As one of our earlier blog posts explored (opens new window), vector search significantly advances information retrieval with a more nuanced and contextually aware approach than traditional keyword matching. Transforming text into numerical vectors aligns the contextual meaning of search queries with the data, thereby improving the relevance of search results.
However, challenges with vector search also occur—most notably the possible loss of information during text-to-vector transformations—requiring the adoption of additional methods to improve search accuracy.
What are these additional methods?
The brief answer to this question is that one of the most significant “additional methodology” is implementing a two-stage retrieval system when using vector search to retrieve information.
Let’s expand on this answer by diving into a step-by-step guide to implementing a two-stage retrieval methodology with MyScale, demonstrating how to combine vector search and reranking to optimize information retrieval systems efficiently and effectively.
# What is Reranking?
But first, let’s define reranking—and consider why it forms part of the two-stage retrieval process.
Succinctly stated, reranking reorders search results to increase a vector search’s contextual relevance.
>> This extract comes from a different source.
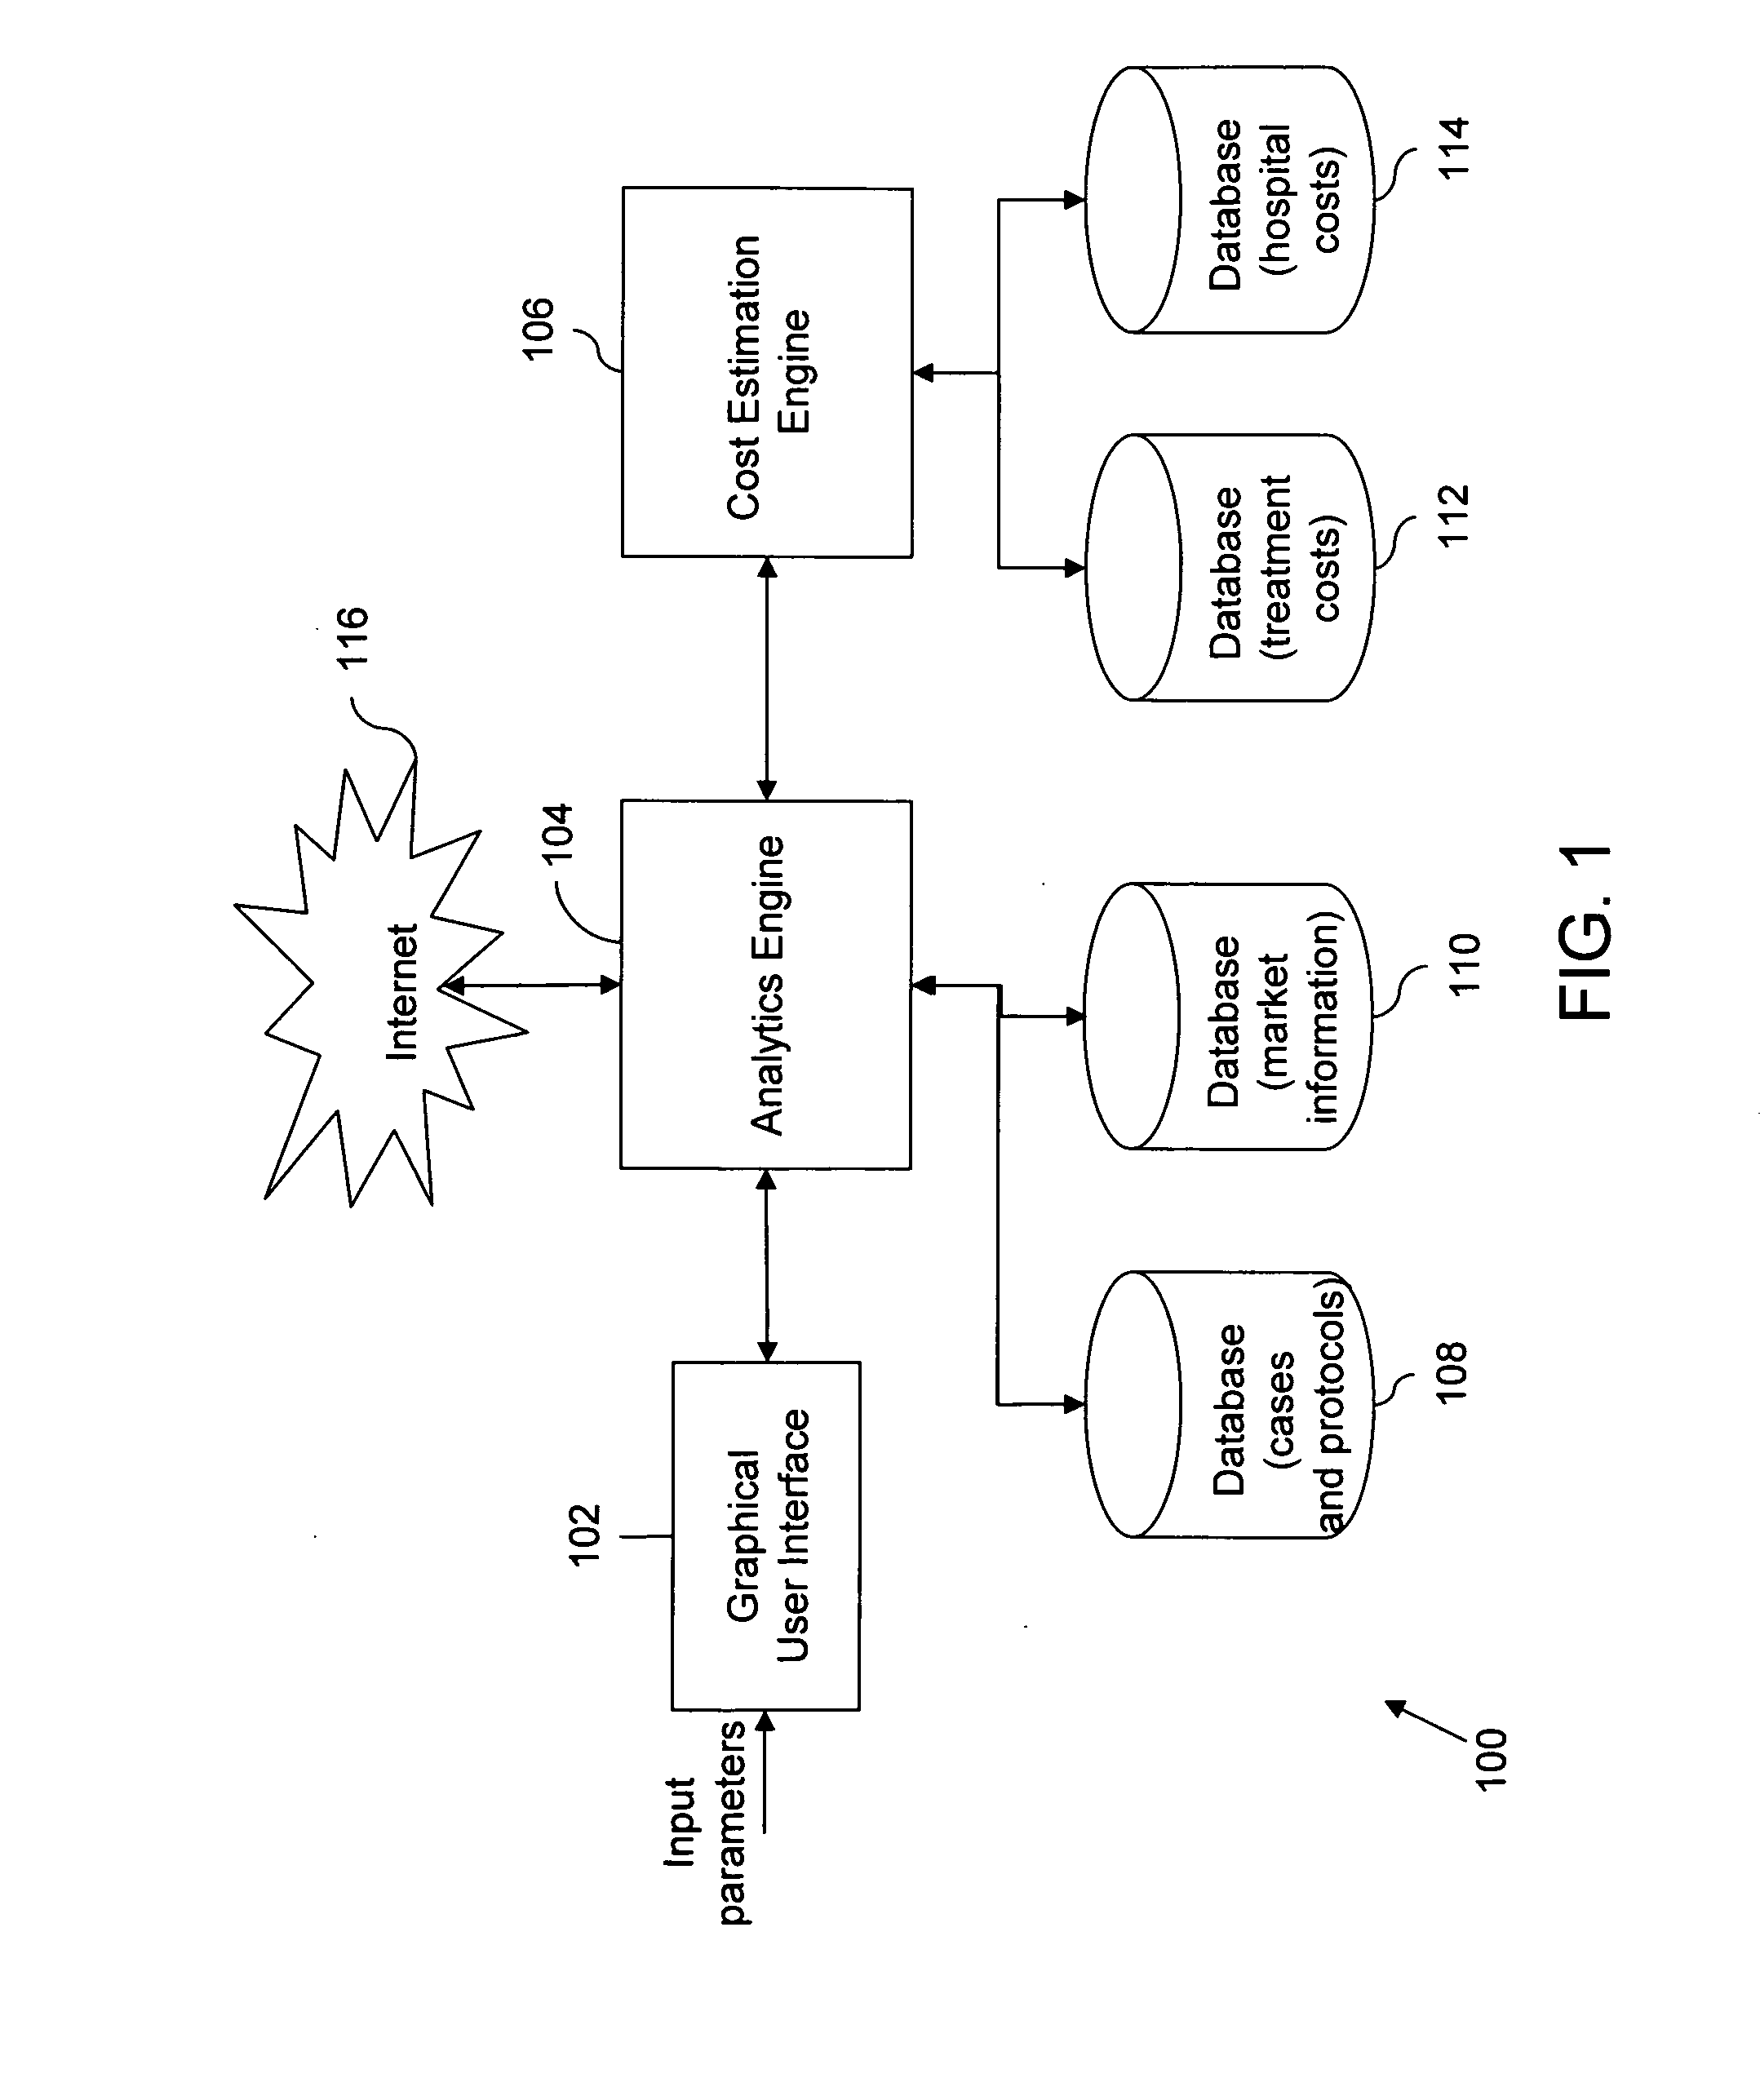 System and method for cost-benefit analysis for treatment of cancer

According to https://en.wiktionary.org/wiki/reranking (opens new window), it is “the act of ranking something again or differently... [For example,] the algorithm performs several rerankings before reaching the optimal result.”
Reranking, often implemented with a cross-encoder model (opens new window), augments the search results by providing a more refined set of results. Unlike the initial vector search—summarizing documents into vectors before querying these documents—reranking processes the query and documents together, reordering the search results with greater precision based on relevance.
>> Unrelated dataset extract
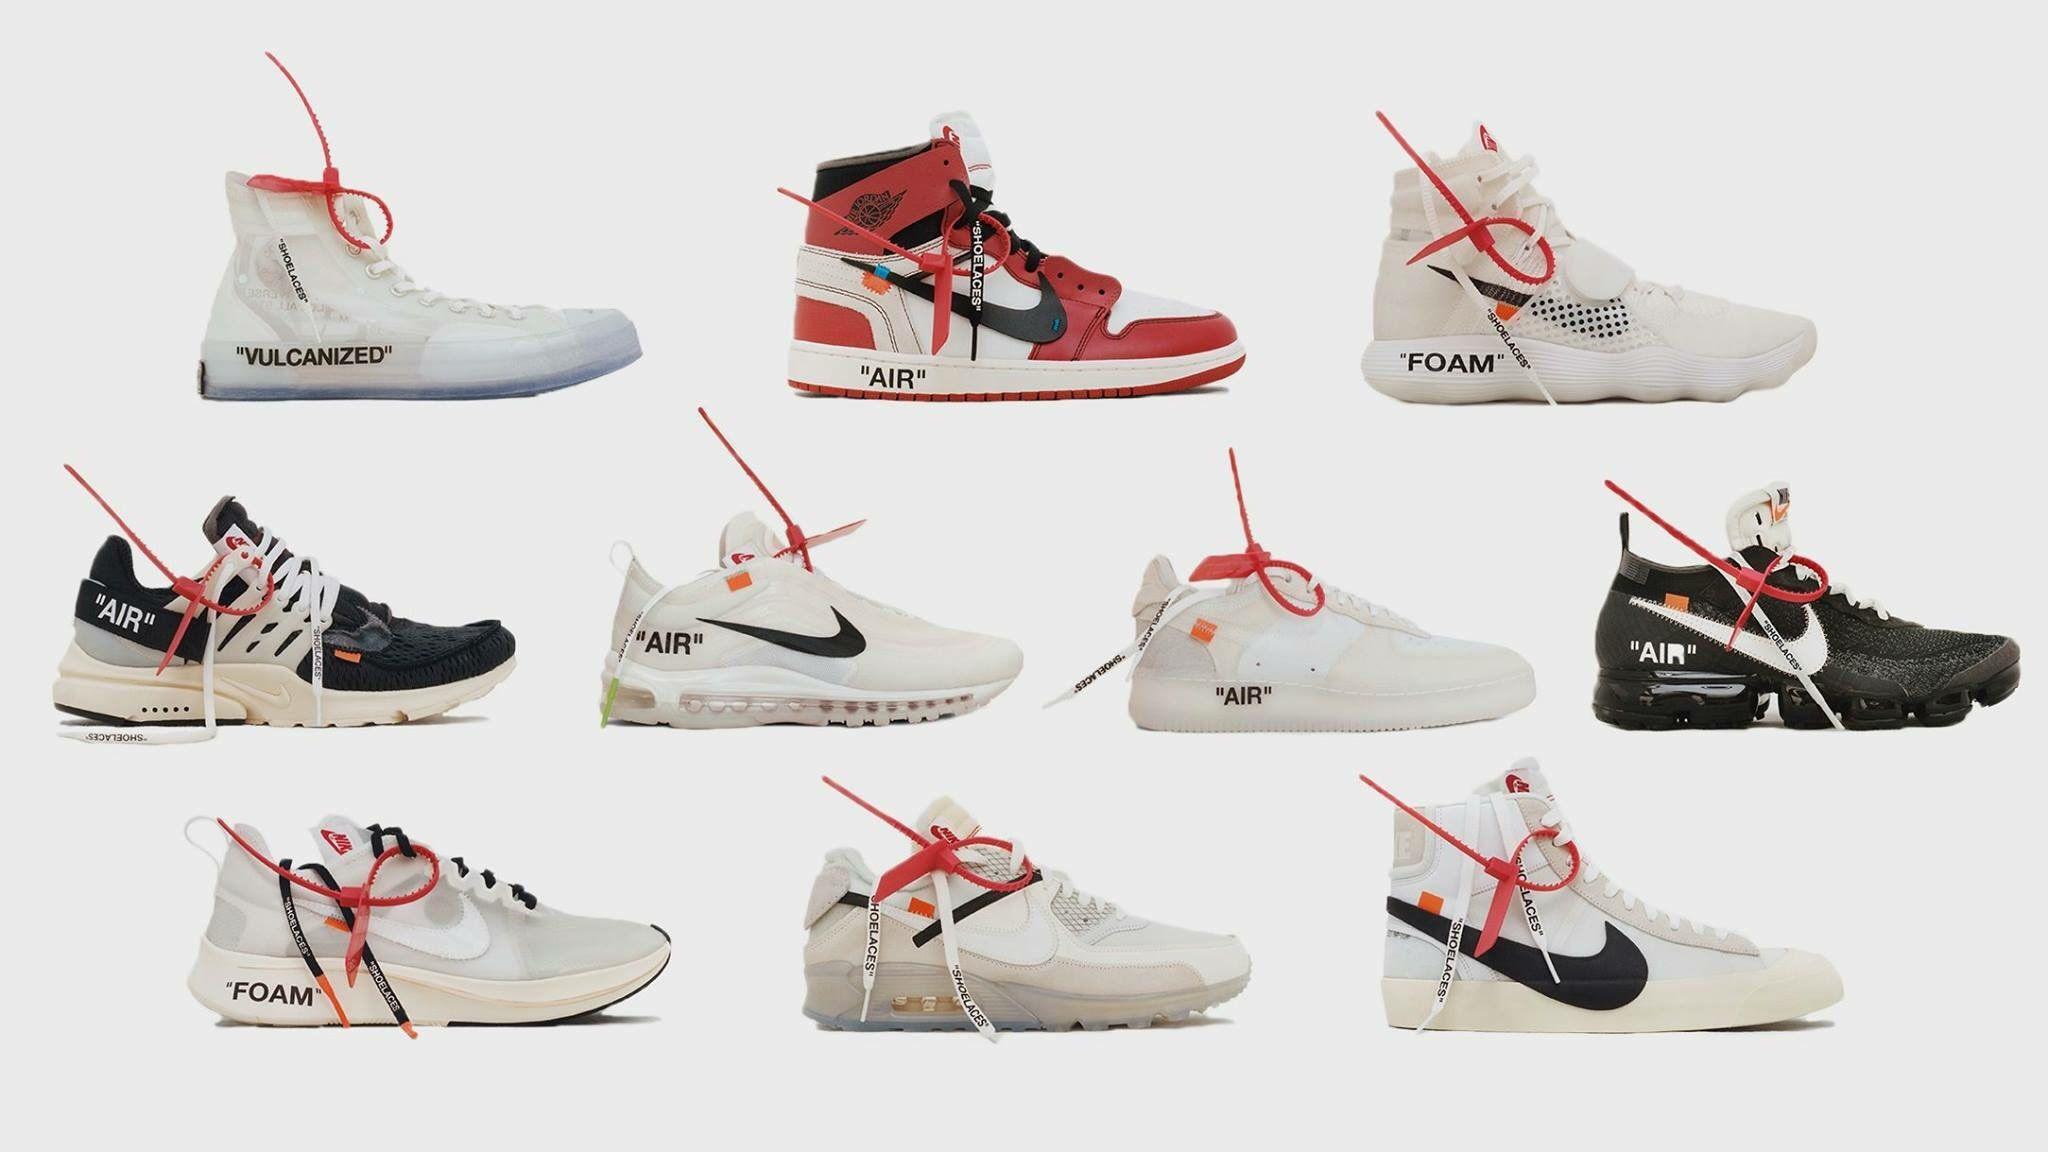 Nike X Off White Wallpapers

However, as with everything, there are challenges when utilizing reranking—the most significant being its high computation demand and subsequent impracticality when processing large datasets, substantially restricting its standalone application potential.
# The Two-Stage Retrieval System
To address these challenges, a two-stage retrieval system was developed—combining the strengths of vector search and reranking, beginning with a vector search for an initial broad-sweep result set and then selectively applying reranking for greater accuracy.
# MyScale's Two-Stage Retrieval System
MyScale’s two-stage retrieval system starts with a vector search that scans the database, selecting a wide range of documents—all closely matching the search query’s semantics—and efficiently reducing the massively extensive dataset to a relevant subset.
Next: This subset is refined using a reranking function, carefully sorting it based on similarity scores, prioritizing precision, and aligning the final result set as close to the user’s intent as possible.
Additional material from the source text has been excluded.